Как выяснил Дэвидсон, когда мы находимся во власти негативных эмоций, в нашем мозге наиболее активны две области – миндалина и префронтальная кора правого полушария. А когда нам весело, эти области “отдыхают”, зато активируется префронтальная кора левого полушария.

Оказывается, наше настроение можно отслеживать по одной только активности префронтальной коры: когда все хорошо, активна левая ее сторона, а когда мы расстроены – правая. Но даже когда у нас нейтральное настроение, соотношение фоновых активностей левой и правой областей этой коры с поразительной точностью определяет наш типичный эмоциональный спектр. Люди с более активной правой областью особенно склонны к унынию, а с более активной левой обычно живут куда веселее[446].

Но есть и хорошая новость: наши эмоциональные настройки не закреплены с рождения.

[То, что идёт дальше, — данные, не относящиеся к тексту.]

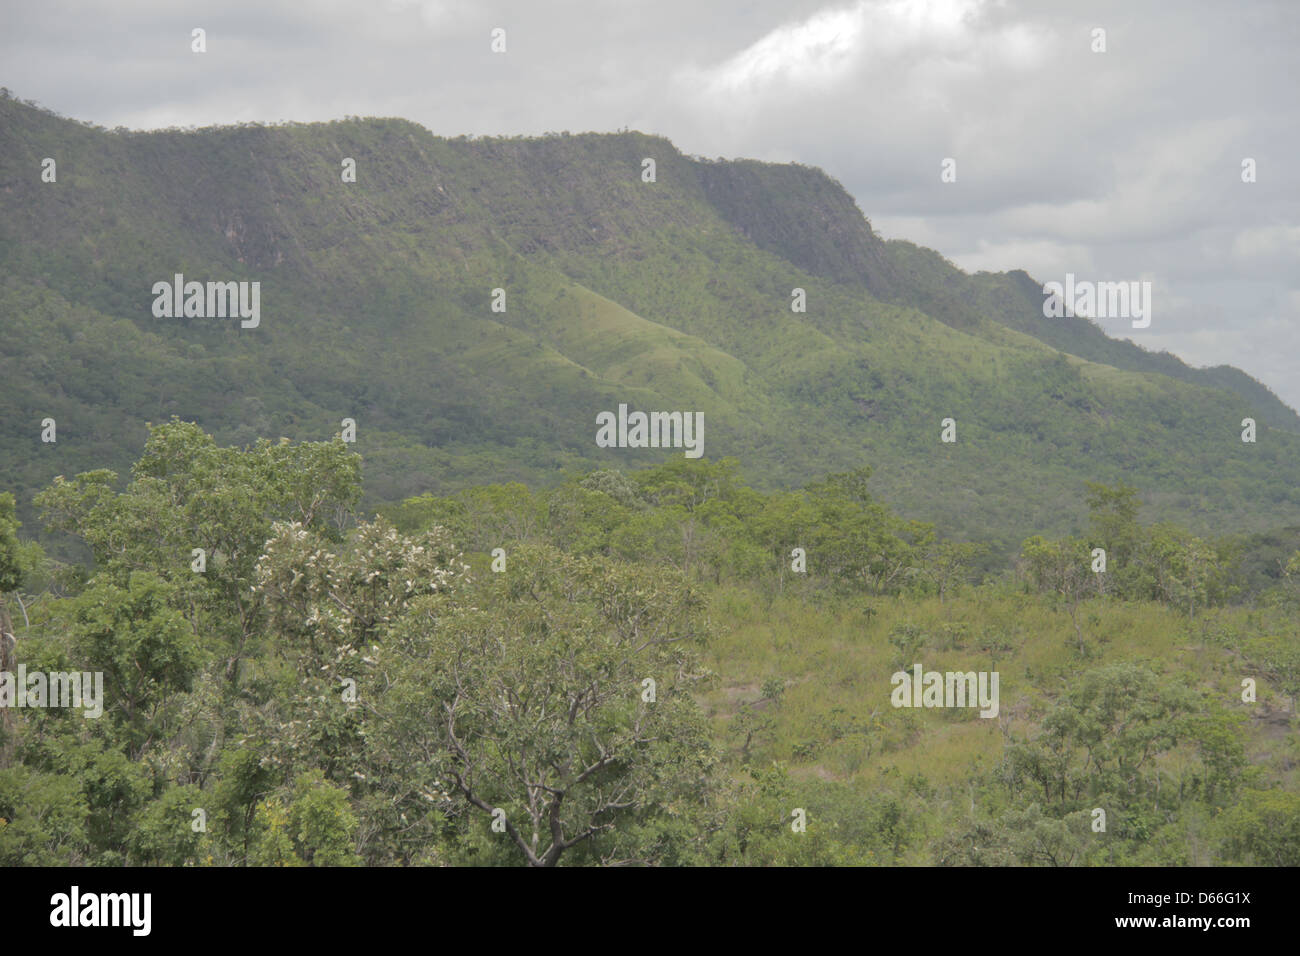 Land scape at Chapada dos Veadeiros, high altitude flora, Brazil Stock Photo

Конечно, у каждого из нас есть врожденный темперамент, который определяет склонность к веселью или унынию. Но даже с учетом этой отправной точки, как показывают исследования, характер заботы о ребенке влияет на его умение радоваться во взрослой жизни. Похоже, способность испытывать счастье напрямую зависит от устойчивости к стрессам[447] – развитого умения превозмогать огорчения и возвращаться в более спокойное и довольное состояние.

“Огромное количество исследований животных показывает, что заботливые родители – вроде мамаши-крысы, чистящей и вылизывающей детенышей, – развивают у своего потомства способность радоваться жизни и справляться со стрессами, – утверждает Дэвидсон. – Одними из индикаторов позитивного эмоционального склада у детенышей животных, включая людей, могут служить их способности к исследованию среды и общению, особенно в стрессовых условиях вроде незнакомой обстановки. Новизну можно расценивать и как угрозу, и как кладезь возможностей. Животные, получившие больше родительской заботы, более открыты и склонны видеть в незнакомом месте источник новых возможностей: они исследуют его смелее”.

Эти данные о животных отлично согласуются с открытием Дэвидсона, сделанным в ходе изучения людей – тех, которые приближались к своему 60-летию и которых со времени окончания школы регулярно оценивали по ряду параметров. У тех, кто лучше всех справлялся со стрессами и в течение дня обычно пребывал в лучшем настроении, группа Дэвидсона при замере привычного уровня счастья обнаружила характерную мозговую активность. Взрослые, о которых, как они утверждали, прекрасно заботились в детстве, демонстрировали более “радостный” тип активности.